We can see that we got 9448196 duplicates, which is very close to the 10000000 duplicates expected. Increasing the power to the 4 or 5 would for sure improve the quality of the algorithm avoiding collision better. At the same time it would slow down the code. That's why we think that the power to the cube is the right threshold in between efficiency and collision probability.

### Part 2

For the second part we define duplicate when two strings have the same characters and order is also important. Thus, "AABA" is not equals "AAAB".

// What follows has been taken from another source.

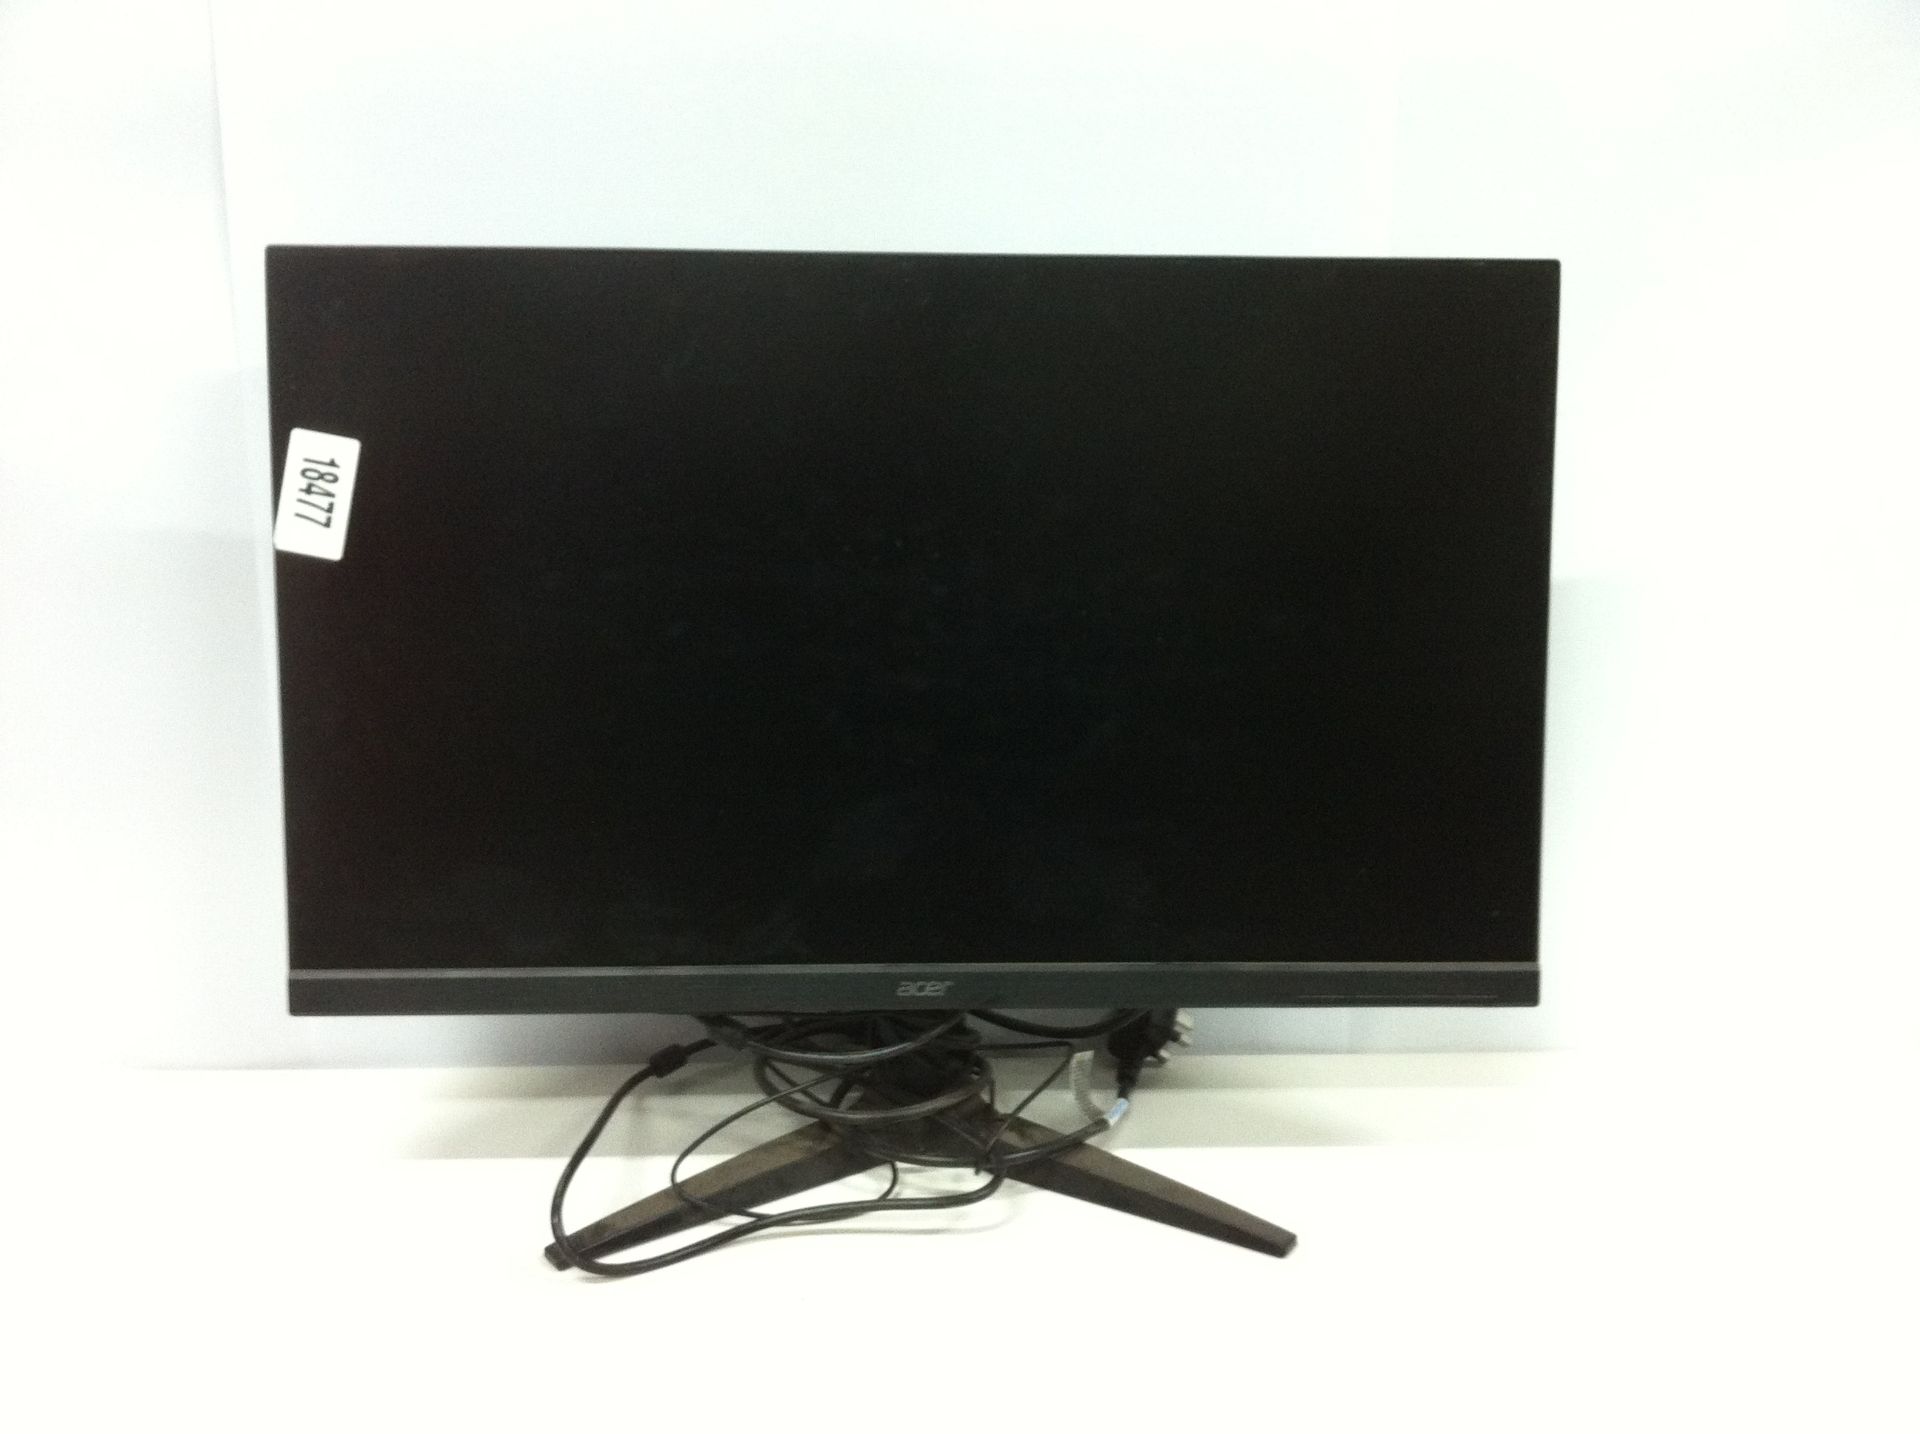 Acer KG271 27" LCD Computer Monitor

We want to generate a function where position matters. So we decided to elaborate the data in a peculiar way. We started by composing a string that has the binary code of the whole password we have to transform. Then we wanted to unify the strings, so we added zeros where the string was not long enough, and removed characters when it was too long. In this way we controlled the length of the int variable we are going to output. In our case we decided to keep 64 bit as length of our integer, a reasonable value to not take too much space in memory.

In [15]:
def hashingMapUnique(item):
    s = ''
    for c in item:
        s += "{0:b}".format(ord(c))
    return (int(s.ljust(64, '0')[:64:],2), 1)

Again we do the map-reduce procedure to count the data, as we did previously, filtering just the duplicates and counting them.

In [16]:
ntuples = txt.map(hashingMapUnique).reduceByKey(lambda a, b: a+b)

In [17]:
ntuples.take(5)

[(16274527251664803781, 2),
 (10608099667156110106, 2),
 (16668620600776809073, 2),
 (10081794263021956144, 2),
 (13073833392952119731, 2)]

In [18]:
reduced = ntuples

In [19]:
duplicates = reduced.filter(lambda x: x[1]>1)

In [20]:
duplicates.take(10)

[(16274527251664803781, 2),
 (10608099667156110106, 2),
 (16668620600776809073, 2),
 (10081794263021956144, 2),
 (13073833392952119731, 2),
 (10014301253483687536, 2),
 (12539534125667135270, 2),
 (17272142619530314309, 2),
 (13455788835654306926, 2),
 (15110295247321585083, 2)]

In [21]:
n = duplicates.count()
n

5000000

As result we can see that the number of duplicates in precisely 5000000. This means that the choice of taking 64 bits was reasonable to keep the data not too large and at the same time have a very good precision on the counting, avoiding at all the hash collision.